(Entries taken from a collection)
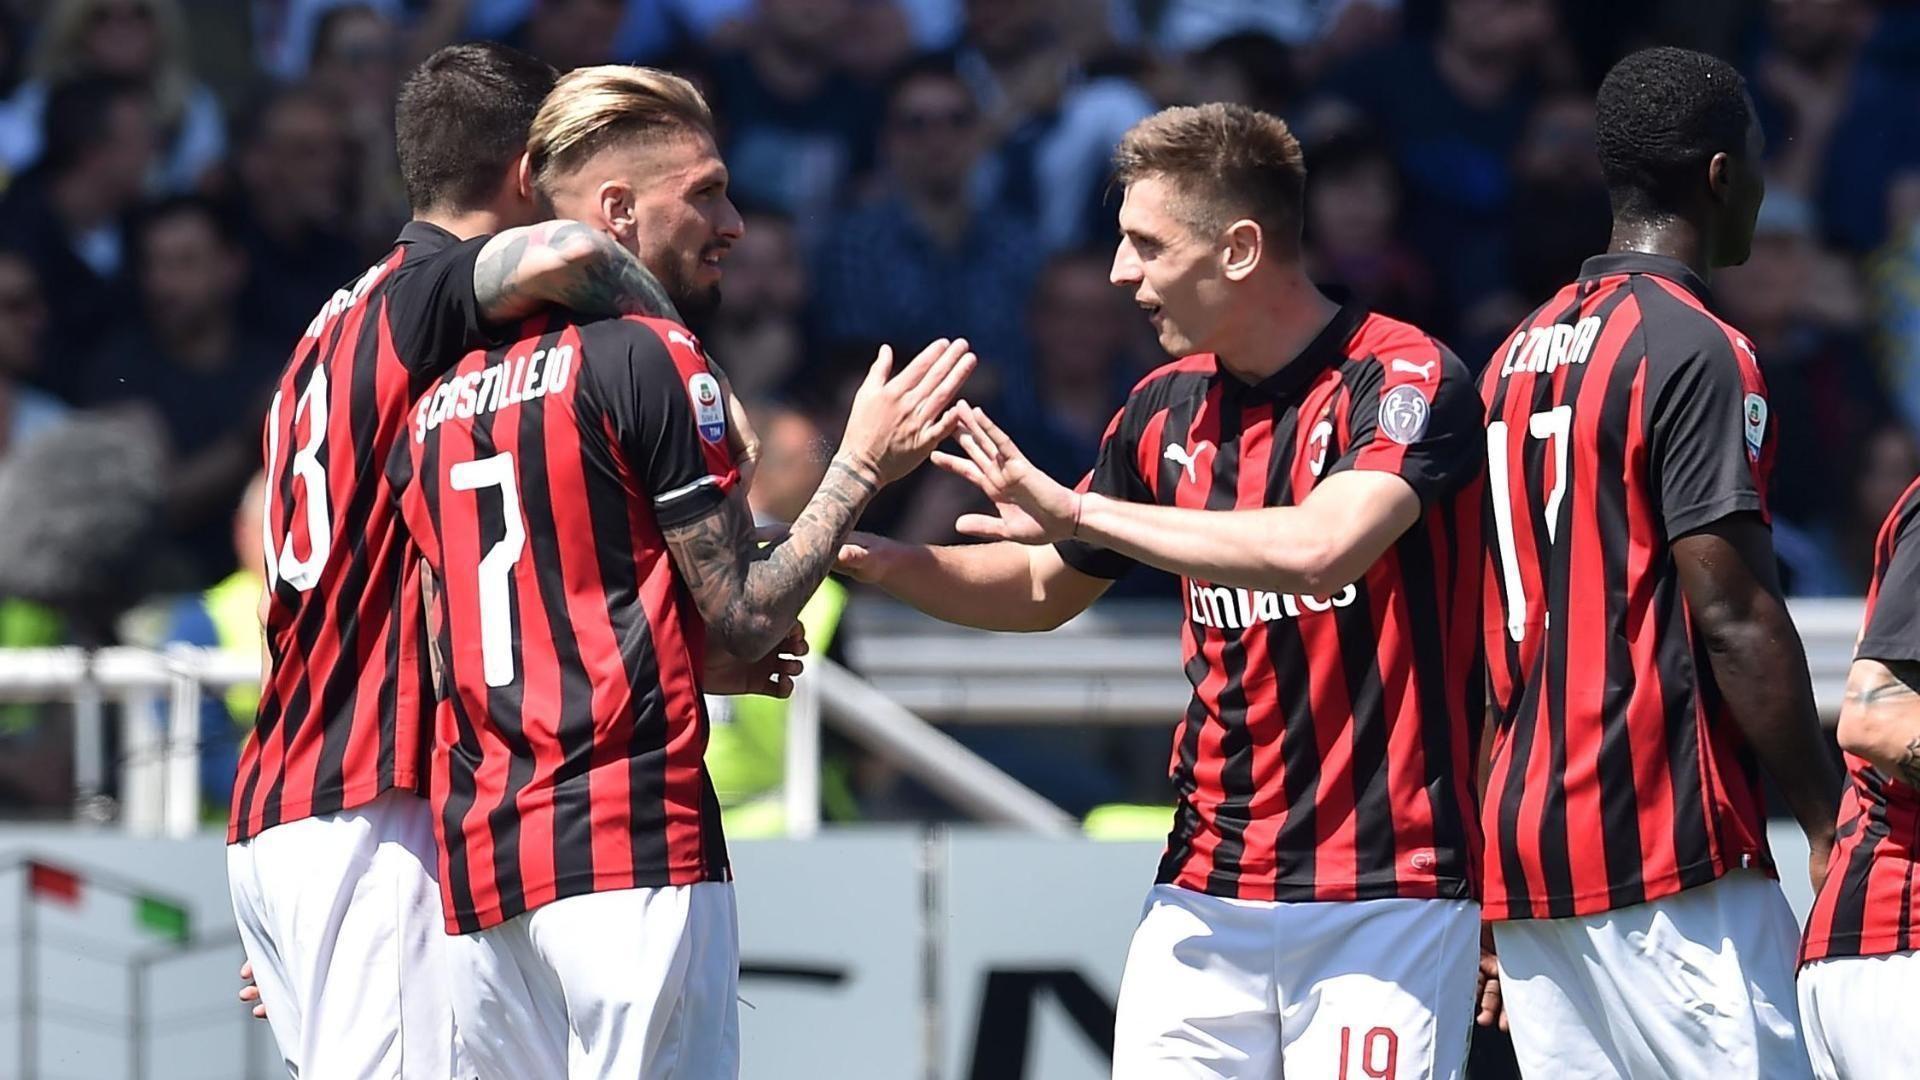 Castillejo's smart header gives Milan the lead
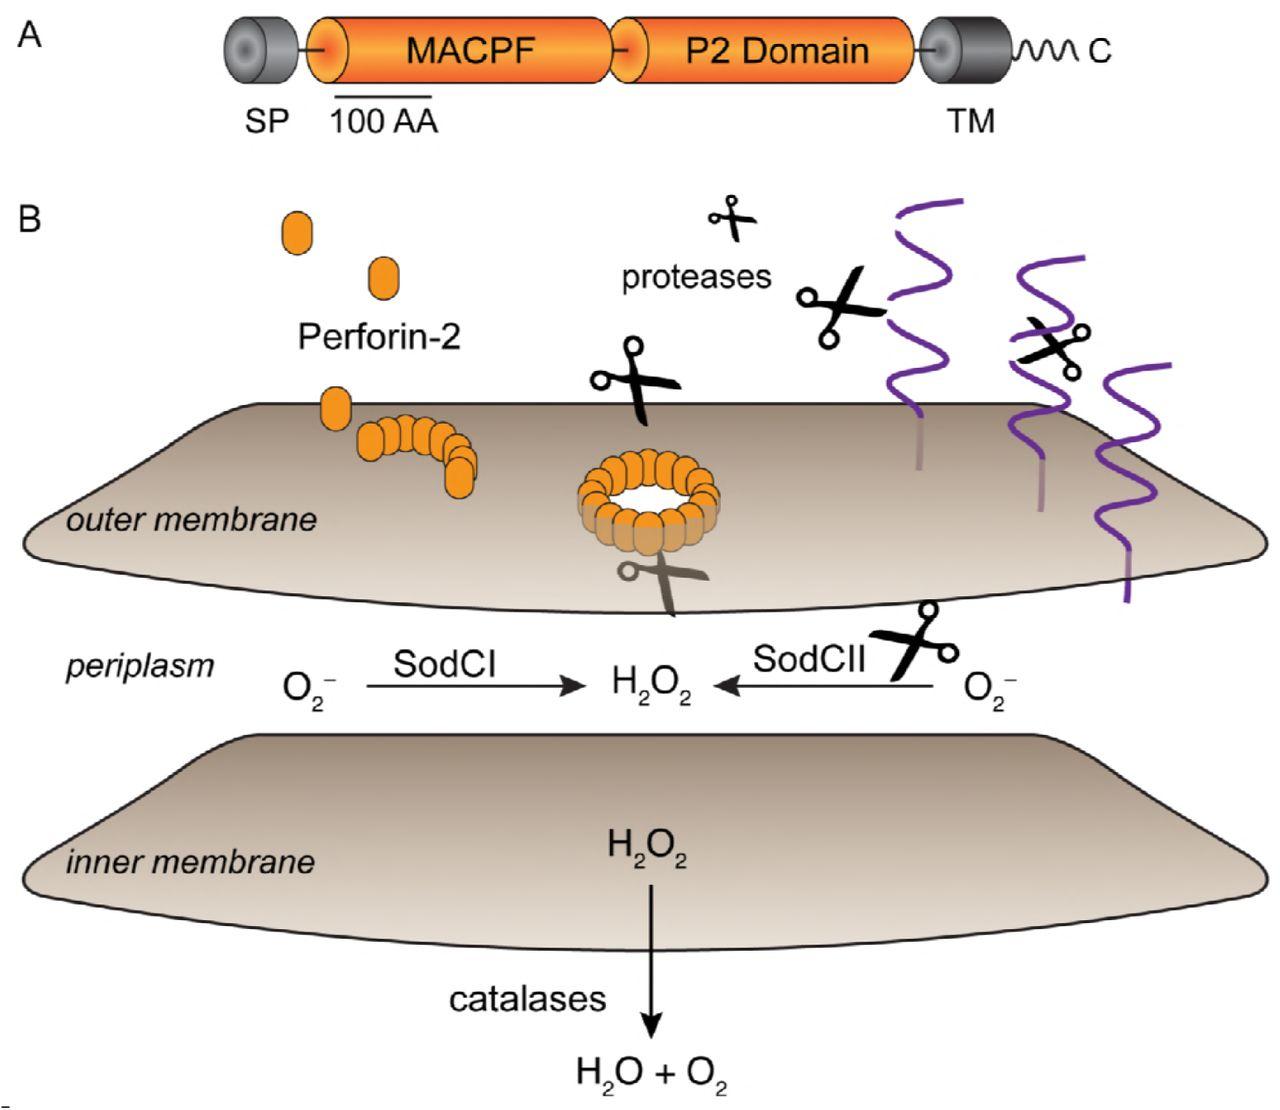 Perforin-2 Permeabilizes the Envelope of Phagocytosed Bacteria | bioRxiv
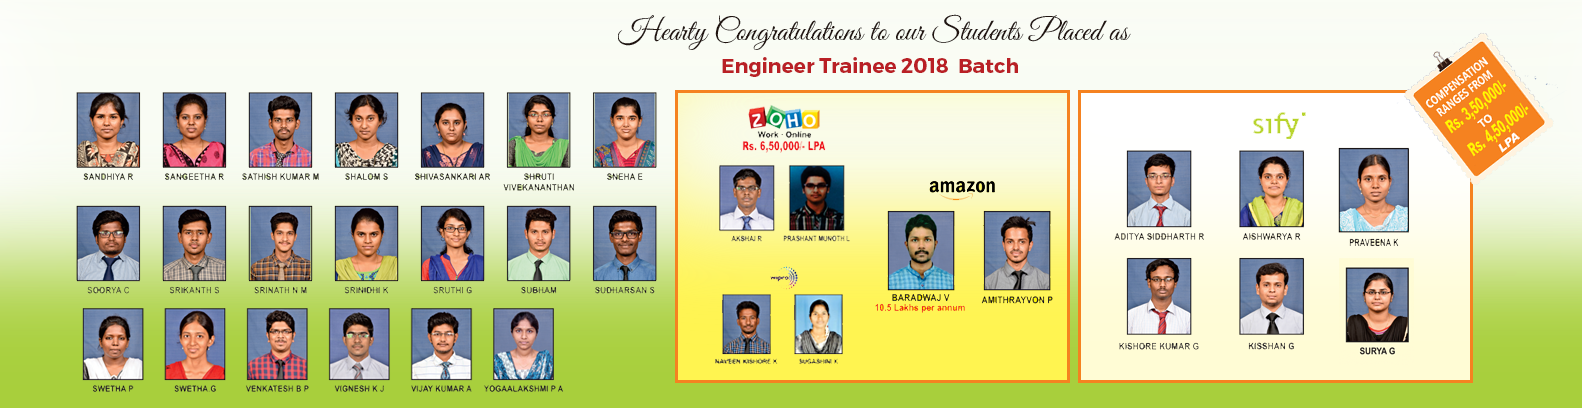 Engineer_trainee_2018_2
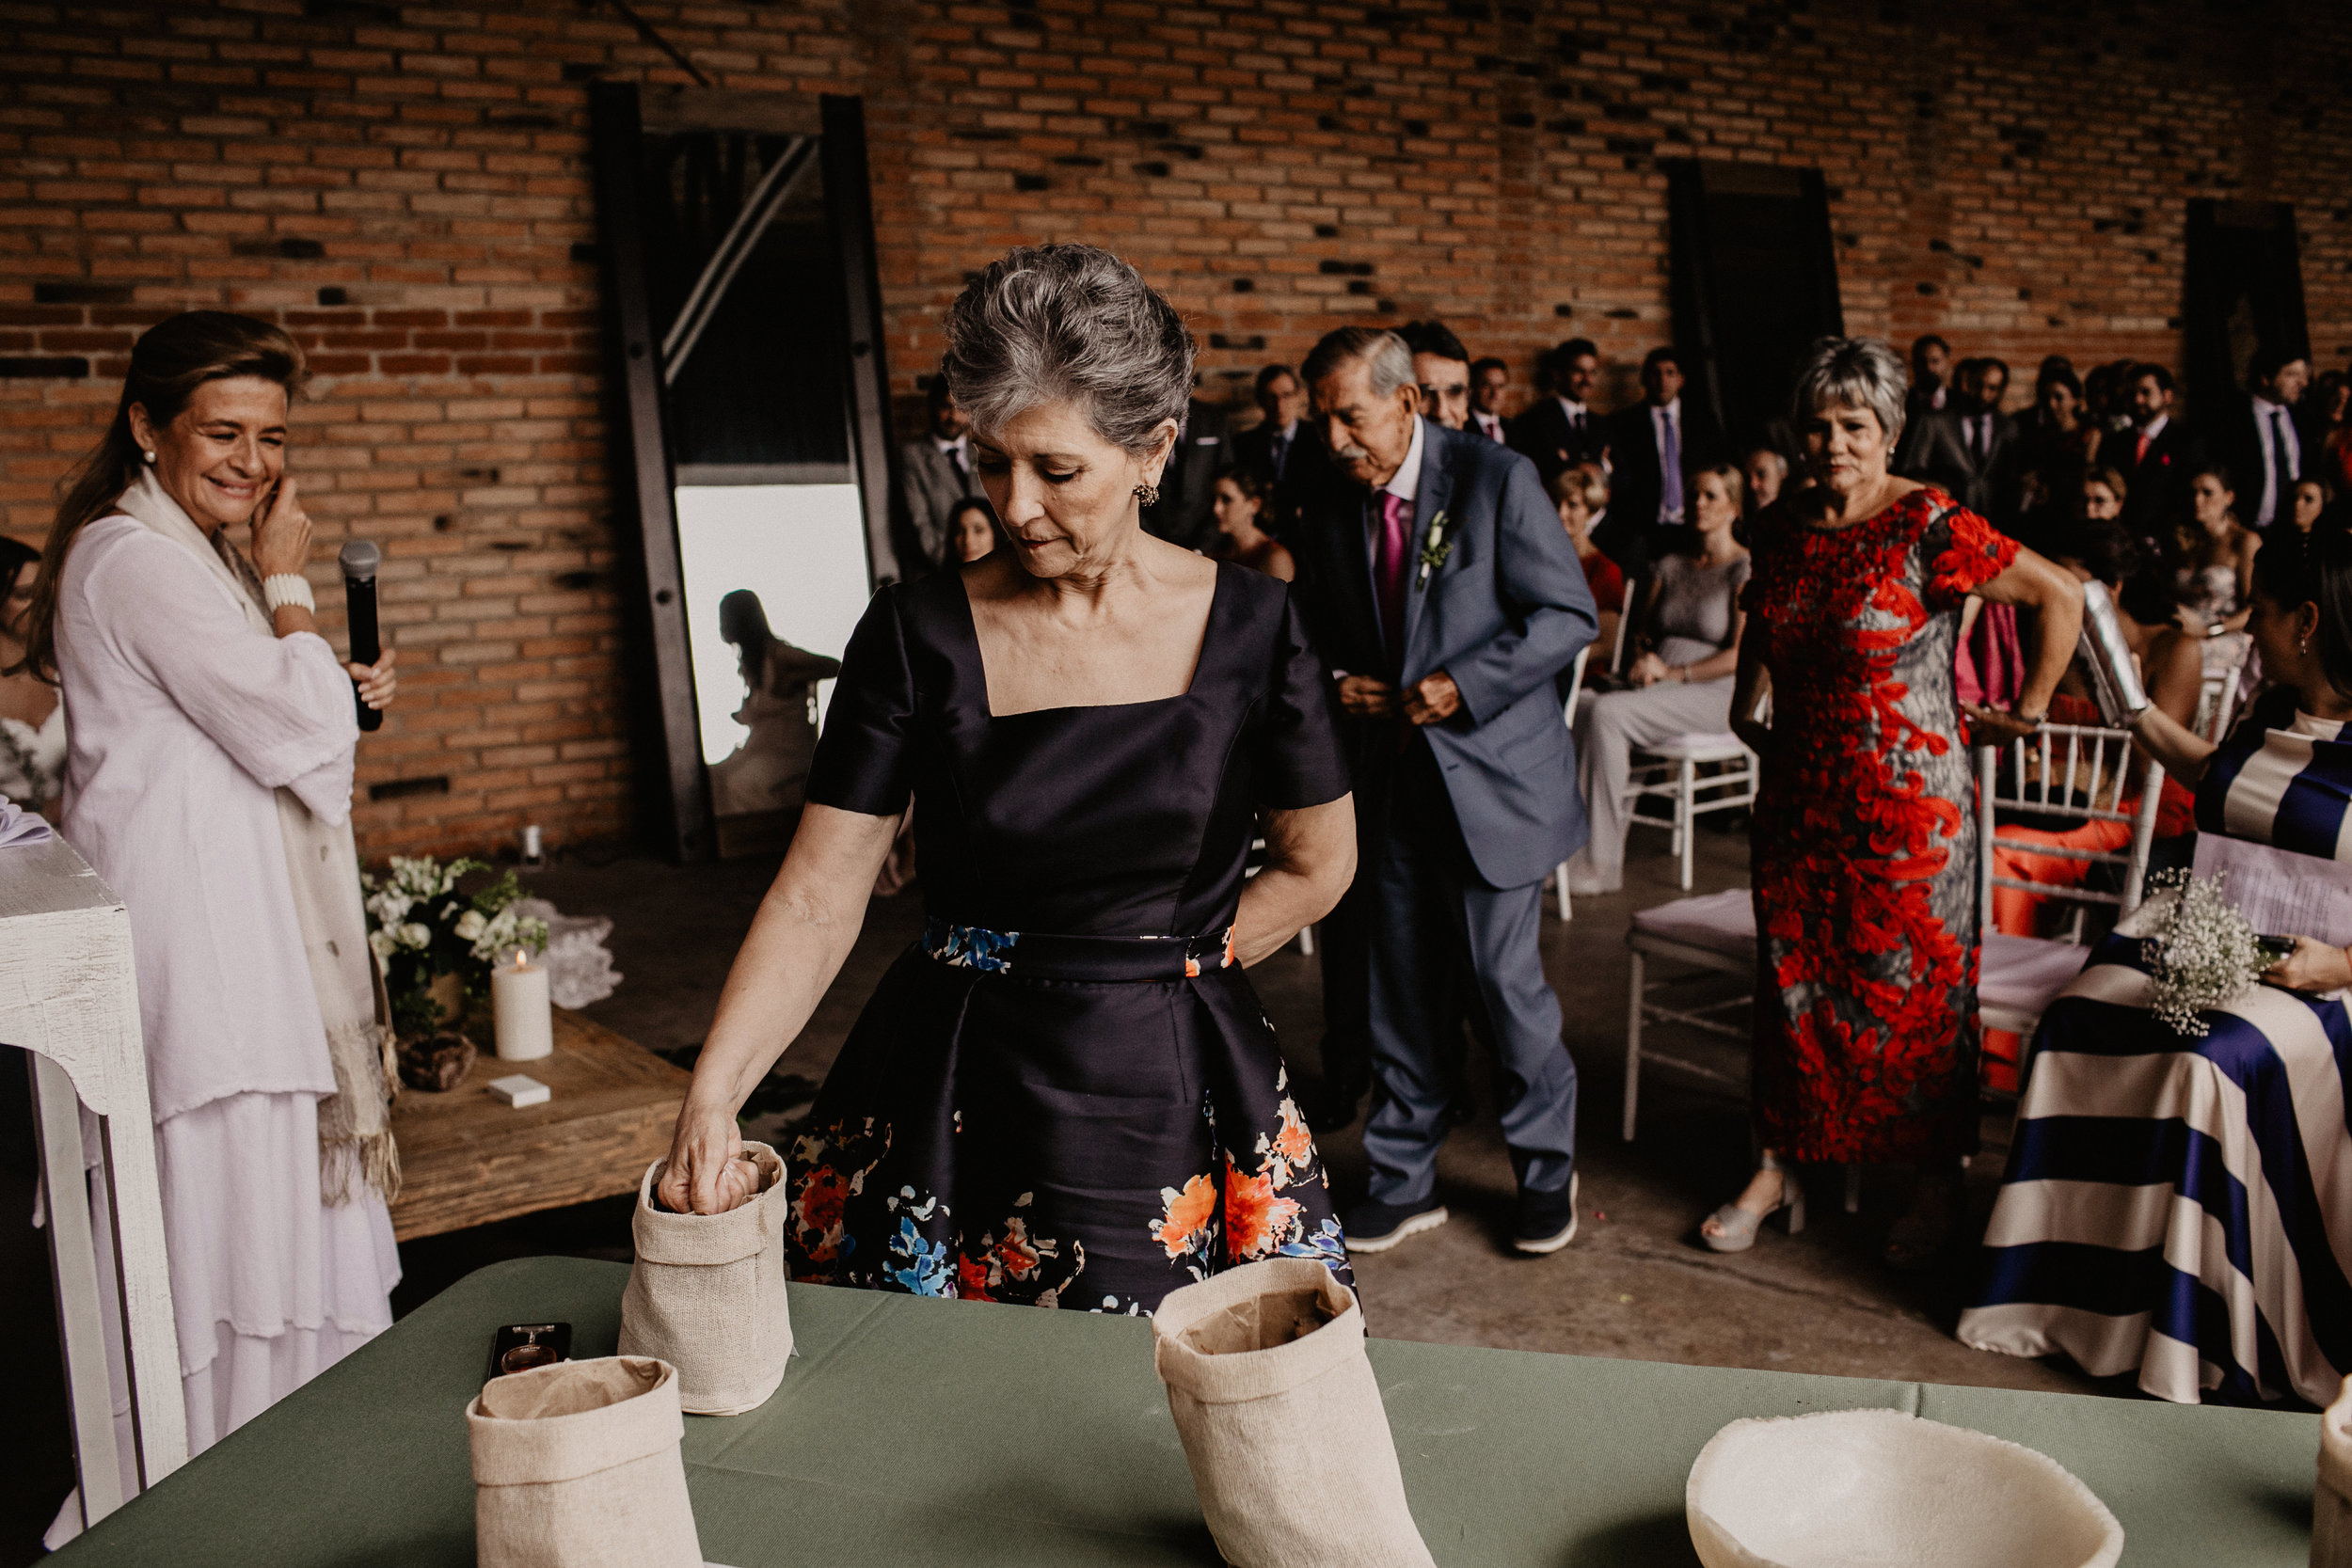 alfonso_flores_destination_wedding_photographer_pau_alonso_526.JPG
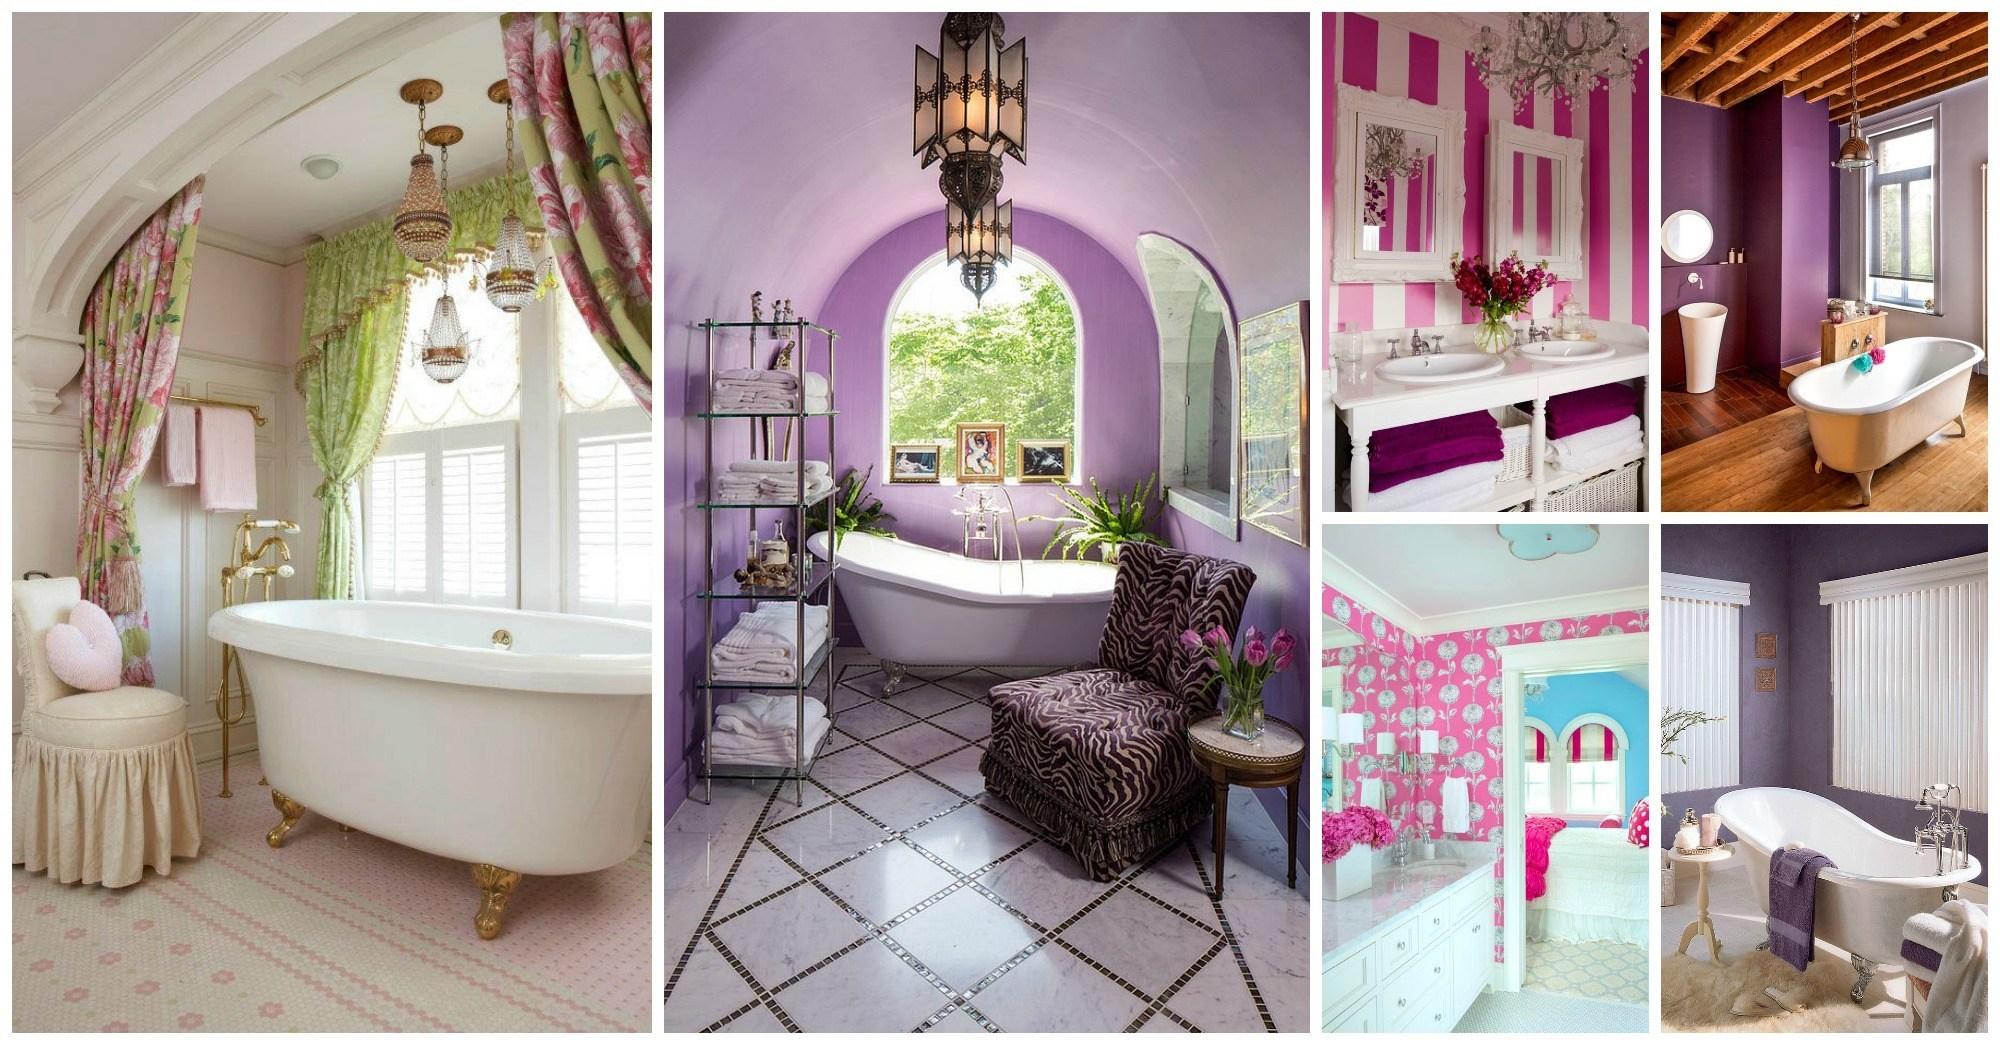 Feminine Bathroom Designs That Will Make You Say WoW

*Exercise aim*: I'd like the entries above repeated exactly, but without any of their pictures.

*Result of the task*:
 Castillejo's smart header gives Milan the lead
 Perforin-2 Permeabilizes the Envelope of Phagocytosed Bacteria | bioRxiv
 Engineer_trainee_2018_2
 alfonso_flores_destination_wedding_photographer_pau_alonso_526.JPG
 Feminine Bathroom Designs That Will Make You Say WoW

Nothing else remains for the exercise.